◆ **Try it**:
Each record, in full, must be restated word for word.

#####

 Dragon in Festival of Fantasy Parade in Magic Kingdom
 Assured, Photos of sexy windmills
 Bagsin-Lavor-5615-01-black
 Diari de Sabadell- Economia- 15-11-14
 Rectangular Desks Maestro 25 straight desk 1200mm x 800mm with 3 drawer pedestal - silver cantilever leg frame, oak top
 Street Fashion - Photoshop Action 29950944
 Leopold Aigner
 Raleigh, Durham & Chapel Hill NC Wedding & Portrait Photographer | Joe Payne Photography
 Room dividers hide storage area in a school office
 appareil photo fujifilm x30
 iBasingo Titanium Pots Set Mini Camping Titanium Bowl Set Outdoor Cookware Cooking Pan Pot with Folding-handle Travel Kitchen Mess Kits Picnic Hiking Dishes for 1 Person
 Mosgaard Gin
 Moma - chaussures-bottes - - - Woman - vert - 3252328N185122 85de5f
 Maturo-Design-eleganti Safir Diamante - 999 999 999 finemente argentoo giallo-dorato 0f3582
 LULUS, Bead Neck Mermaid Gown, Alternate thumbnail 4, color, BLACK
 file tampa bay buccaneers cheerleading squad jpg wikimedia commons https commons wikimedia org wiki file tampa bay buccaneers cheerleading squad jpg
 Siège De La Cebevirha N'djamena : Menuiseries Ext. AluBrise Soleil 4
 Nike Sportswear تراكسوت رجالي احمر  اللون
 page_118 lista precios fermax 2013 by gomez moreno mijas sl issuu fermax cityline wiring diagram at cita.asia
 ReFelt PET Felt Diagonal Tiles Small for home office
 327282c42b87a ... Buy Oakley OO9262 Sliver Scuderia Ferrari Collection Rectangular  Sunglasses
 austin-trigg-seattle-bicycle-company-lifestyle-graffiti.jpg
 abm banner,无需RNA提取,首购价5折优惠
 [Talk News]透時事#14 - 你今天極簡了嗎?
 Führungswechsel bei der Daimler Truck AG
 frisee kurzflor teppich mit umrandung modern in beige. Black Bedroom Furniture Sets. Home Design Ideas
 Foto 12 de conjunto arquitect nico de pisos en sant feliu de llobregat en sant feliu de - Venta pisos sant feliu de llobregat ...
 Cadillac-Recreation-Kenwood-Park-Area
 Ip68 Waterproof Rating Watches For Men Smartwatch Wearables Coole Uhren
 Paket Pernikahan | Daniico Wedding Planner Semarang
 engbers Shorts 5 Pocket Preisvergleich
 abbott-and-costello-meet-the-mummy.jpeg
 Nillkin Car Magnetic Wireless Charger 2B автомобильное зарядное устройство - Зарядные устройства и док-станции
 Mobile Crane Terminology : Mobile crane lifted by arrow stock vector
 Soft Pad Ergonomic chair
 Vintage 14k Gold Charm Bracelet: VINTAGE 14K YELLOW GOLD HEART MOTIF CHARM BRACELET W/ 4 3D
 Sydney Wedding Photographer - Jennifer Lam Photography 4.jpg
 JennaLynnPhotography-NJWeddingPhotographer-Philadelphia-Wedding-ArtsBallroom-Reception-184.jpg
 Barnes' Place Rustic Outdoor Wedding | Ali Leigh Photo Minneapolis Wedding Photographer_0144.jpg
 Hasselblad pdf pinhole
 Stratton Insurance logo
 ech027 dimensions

#####

◆ **The completed task**:
 Dragon in Festival of Fantasy Parade in Magic Kingdom
 Assured, Photos of sexy windmills
 Bagsin-Lavor-5615-01-black
 Diari de Sabadell- Economia- 15-11-14
 Rectangular Desks Maestro 25 straight desk 1200mm x 800mm with 3 drawer pedestal - silver cantilever leg frame, oak top
 Street Fashion - Photoshop Action 29950944
 Leopold Aigner
 Raleigh, Durham & Chapel Hill NC Wedding & Portrait Photographer | Joe Payne Photography
 Room dividers hide storage area in a school office
 appareil photo fujifilm x30
 iBasingo Titanium Pots Set Mini Camping Titanium Bowl Set Outdoor Cookware Cooking Pan Pot with Folding-handle Travel Kitchen Mess Kits Picnic Hiking Dishes for 1 Person
 Mosgaard Gin
 Moma - chaussures-bottes - - - Woman - vert - 3252328N185122 85de5f
 Maturo-Design-eleganti Safir Diamante - 999 999 999 finemente argentoo giallo-dorato 0f3582
 LULUS, Bead Neck Mermaid Gown, Alternate thumbnail 4, color, BLACK
 file tampa bay buccaneers cheerleading squad jpg wikimedia commons https commons wikimedia org wiki file tampa bay buccaneers cheerleading squad jpg
 Siège De La Cebevirha N'djamena : Menuiseries Ext. AluBrise Soleil 4
 Nike Sportswear تراكسوت رجالي احمر  اللون
 page_118 lista precios fermax 2013 by gomez moreno mijas sl issuu fermax cityline wiring diagram at cita.asia
 ReFelt PET Felt Diagonal Tiles Small for home office
 327282c42b87a ... Buy Oakley OO9262 Sliver Scuderia Ferrari Collection Rectangular  Sunglasses
 austin-trigg-seattle-bicycle-company-lifestyle-graffiti.jpg
 abm banner,无需RNA提取,首购价5折优惠
 [Talk News]透時事#14 - 你今天極簡了嗎?
 Führungswechsel bei der Daimler Truck AG
 frisee kurzflor teppich mit umrandung modern in beige. Black Bedroom Furniture Sets. Home Design Ideas
 Foto 12 de conjunto arquitect nico de pisos en sant feliu de llobregat en sant feliu de - Venta pisos sant feliu de llobregat ...
 Cadillac-Recreation-Kenwood-Park-Area
 Ip68 Waterproof Rating Watches For Men Smartwatch Wearables Coole Uhren
 Paket Pernikahan | Daniico Wedding Planner Semarang
 engbers Shorts 5 Pocket Preisvergleich
 abbott-and-costello-meet-the-mummy.jpeg
 Nillkin Car Magnetic Wireless Charger 2B автомобильное зарядное устройство - Зарядные устройства и док-станции
 Mobile Crane Terminology : Mobile crane lifted by arrow stock vector
 Soft Pad Ergonomic chair
 Vintage 14k Gold Charm Bracelet: VINTAGE 14K YELLOW GOLD HEART MOTIF CHARM BRACELET W/ 4 3D
 Sydney Wedding Photographer - Jennifer Lam Photography 4.jpg
 JennaLynnPhotography-NJWeddingPhotographer-Philadelphia-Wedding-ArtsBallroom-Reception-184.jpg
 Barnes' Place Rustic Outdoor Wedding | Ali Leigh Photo Minneapolis Wedding Photographer_0144.jpg
 Hasselblad pdf pinhole
 Stratton Insurance logo
 ech027 dimensions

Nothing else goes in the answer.